Bewaffneter Kampf gegen den türkischen Staat
In der Türkei wurde 1978 die Arbeiterpartei Kurdistans (PKK) unter Führung Abdullah Öcalans mit dem Ziel der nationalen Selbstbestimmung und der Errichtung eines freien Kurdistan gegründet. 1984 gab die PKK den bewaffneten Kampf gegen den türkischen Staat bekannt. Es folgten Guerillakrieg, Verwüstung der Dörfer, Entführungen, Flüchtlingswellen, Hungerstreiks. Mehr als 32.000 Menschen starben in den Kämpfen zwischen Kurden und türkischem Militär. Im Jahre 1999 verurteilte das türkische Staatssicherheitsgericht Abdullah Öcalan zum Tode. Der Europäische Gerichtshof erklärte das Todesurteil für unrechtmäßig, die Türkei habe gegen das Grundrecht auf einen fairen Prozess verstoßen. Die Strafe wurde in lebenslange Haft umgewandelt. Nach seiner Verurteilung rief Öcalan die PKK und ihre Verbündeten auf, den bewaffneten Kampf einzustellen. Der aus der PKK hervorgegangene und von Abdullah Öcalan geführte "Kongress für Freiheit und Demokratie Kurdistans" (KADEK), der in der Türkei als illegal gilt, setzt sich nun mit politischen Mitteln für die Autonomie der kurdischen Bevölkerung, für kulturelle Eigenständigkeit und Mitbestimmung in allen Teilen Kurdistans ein. In Deutschland ist die PKK seit 1993 als "terroristische" Organisation verboten, seit 1998 wird sie eher als "kriminell" eingestuft.

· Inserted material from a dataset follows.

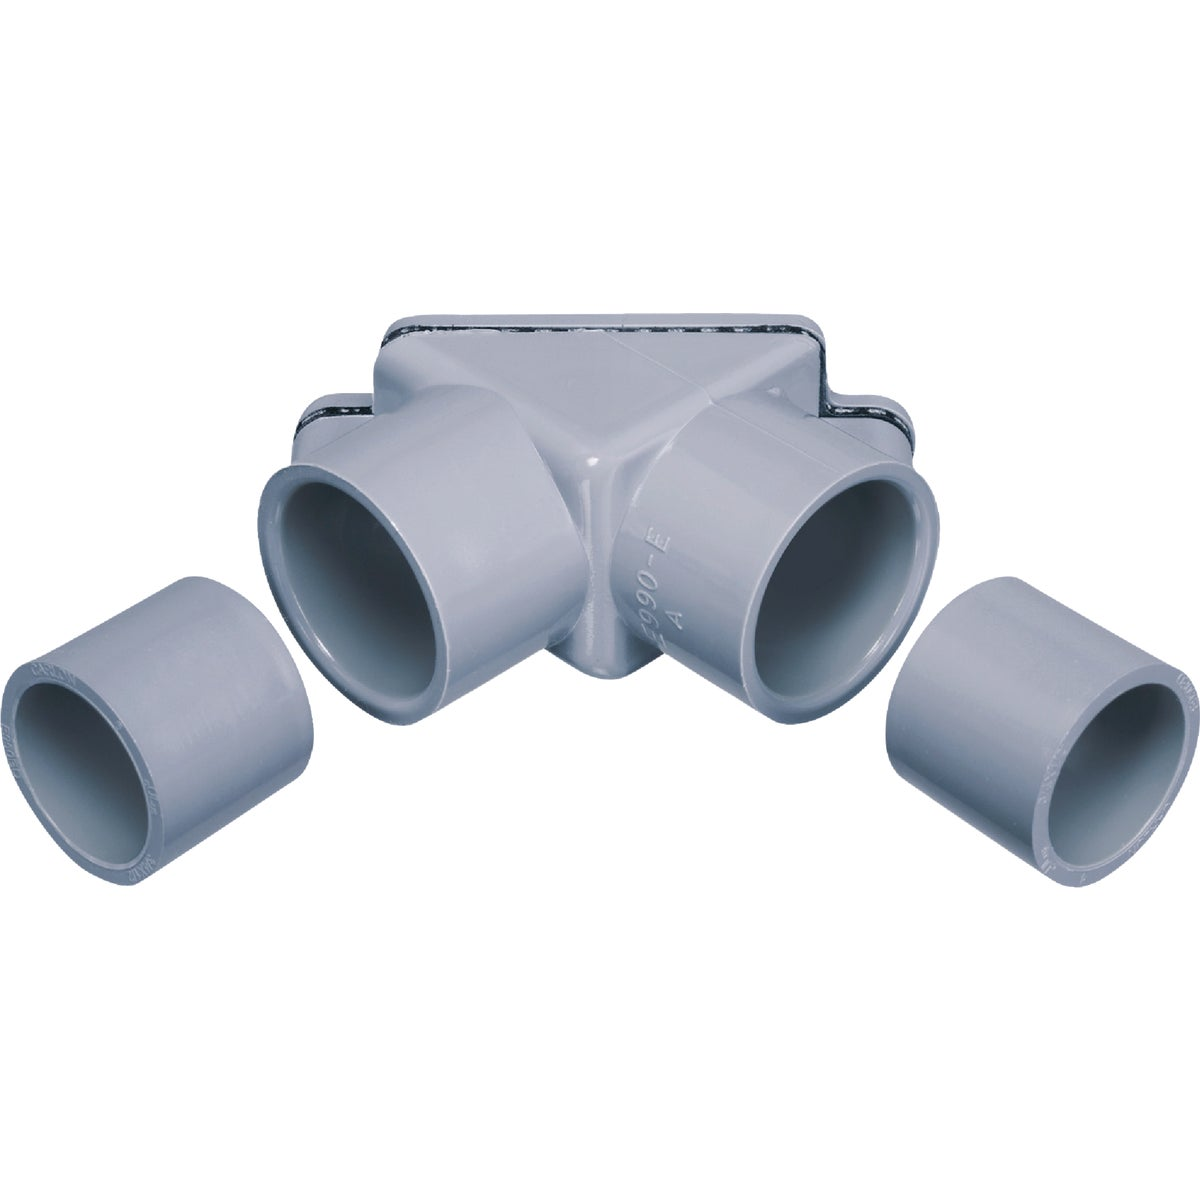 "1/2-3/4"" PVC PULL ELBOW"

Zukunftsperspektiven nach dem dritten Golfkrieg
Die Zukunft des kurdischen Volkes ist auch nach dem dritten Golfkrieg 2003 ungewiss. Einen autonomen Staat Kurdistan halten selbst die politischen Führer der Kurden zum gegenwärtigen Zeitpunkt für unrealistisch. Sie fordern eine Beteiligung an der neuen irakischen Regierung und die Selbstbestimmung des kurdischen Volkes. Die Vertriebenen sollen in ihre Heimatstädte und -dörfer zurückkehren dürfen. Vor allem die Stadt Kirkuk, die traditionelle Hochburg der Kurden im Nordirak, soll wieder von den Kurden übernommen werden. Die türkische Regierung hat mehrfach gewarnt, dass die Ölfelder von Kirkuk und Mossul nicht unter den Einfluss der irakischen Kurden geraten dürften. Die Türkei befürchtet, dass die Kurden auf der Grundlage des Ölreichtums der Region ihre Unabhängigkeitsbestrebungen vorantreiben und dass dies auch auf die in der Türkei lebenden Kurden ausstrahlen könnte. Für den Fall, das die Kurden Kirkuk und Mossul unter ihre Kontrolle bringen, behält sich die Türkei daher den Einmarsch eigener Truppen vor.